I recently read the August Black Belt article called Karate Lexicon. It discusses 10 very popular terms found in most Dojos, but it shows where we have slightly changed the meaning of the words.

It discussed Bunkai, Bushido, Dan, Dojo, Kata, Kumite, Mokuso, Rei, Reishiki, and Sensei.  It is very informative, we all have an idea of what teh words mean and we are usually close but teh actual translation is quite insightful.


----------



## Andrew Green (Aug 12, 2004)

Now how about giving some of the incorrect vs correct usages


----------



## Rob Broad (Aug 12, 2004)

I was actually thinking we could get some people to post what they think the words mean and then I will give the definitions that were given.


----------



## Andrew Green (Aug 12, 2004)

hehehe... "Black Belt" as a reference for the "real" translations...

I find that amusing


----------



## Rob Broad (Aug 12, 2004)

I said I would post the definitions give, not "real" definitions.  That will be up to the reader to discern.


----------



## drunken mistress (Aug 29, 2004)

We don´t use all of these words so I´ll post meanings I was given on a few
Bunkai - the practical application of Kata
Dan - a level (up to ten) after black belt.

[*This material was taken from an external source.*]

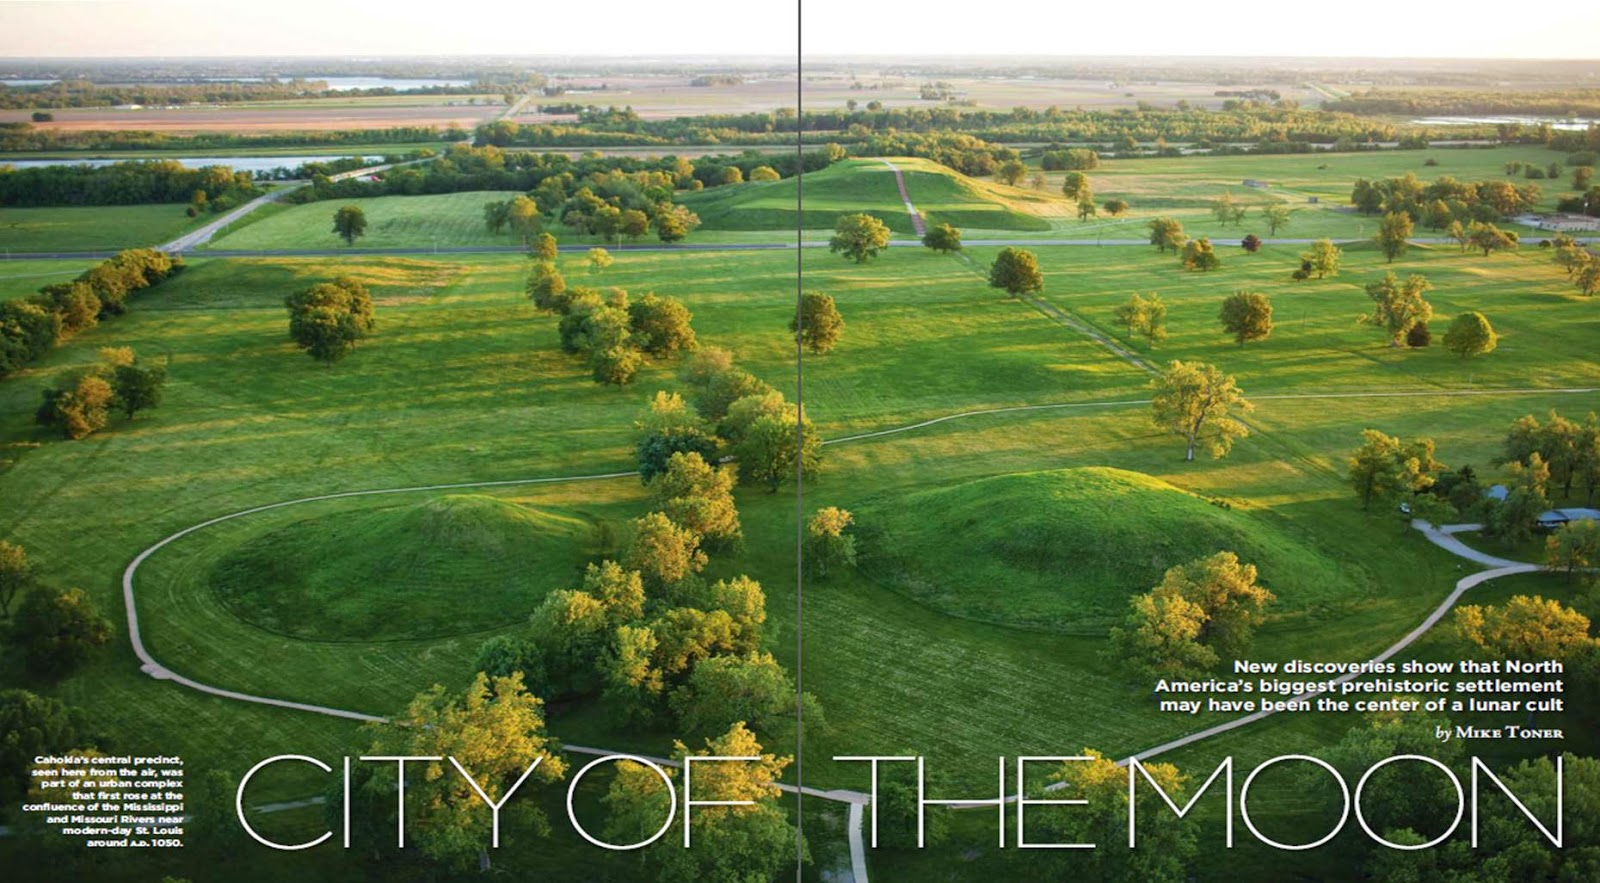 Archaeology Magazine March/April 2015. City of the Moon. Mike Toner. Image Courtesy of Archaeology Magazine.

Usually takes at least 2 years to achieve each Dan
Dojo - temple/ place where karate is taught
Kata - a traditional from containing a fixed sequence of fighting moves
Kumite - sparring
Sensei - teacher


----------



## RRouuselot (Aug 29, 2004)

Japanese translation:

Bunkai: to break apart, seperate, dismantle(lit.)
Dojo: A place where the "way" of XXXX is taught
Kata: form, shape(lit.)
Kumite: meeting of the hands (lit.)


----------



## bignick (Aug 29, 2004)

kumite also means gripping hands...like in judo kumi kata means "forms of gripping"


----------



## RRouuselot (Aug 29, 2004)

bignick said:
			
		

> kumite also means gripping hands...like in judo kumi kata means "forms of gripping"


 
Actually it doesn't. The word kumi means to meet, join, collect depending on it's usage. 
The word "tori" means to grip.


----------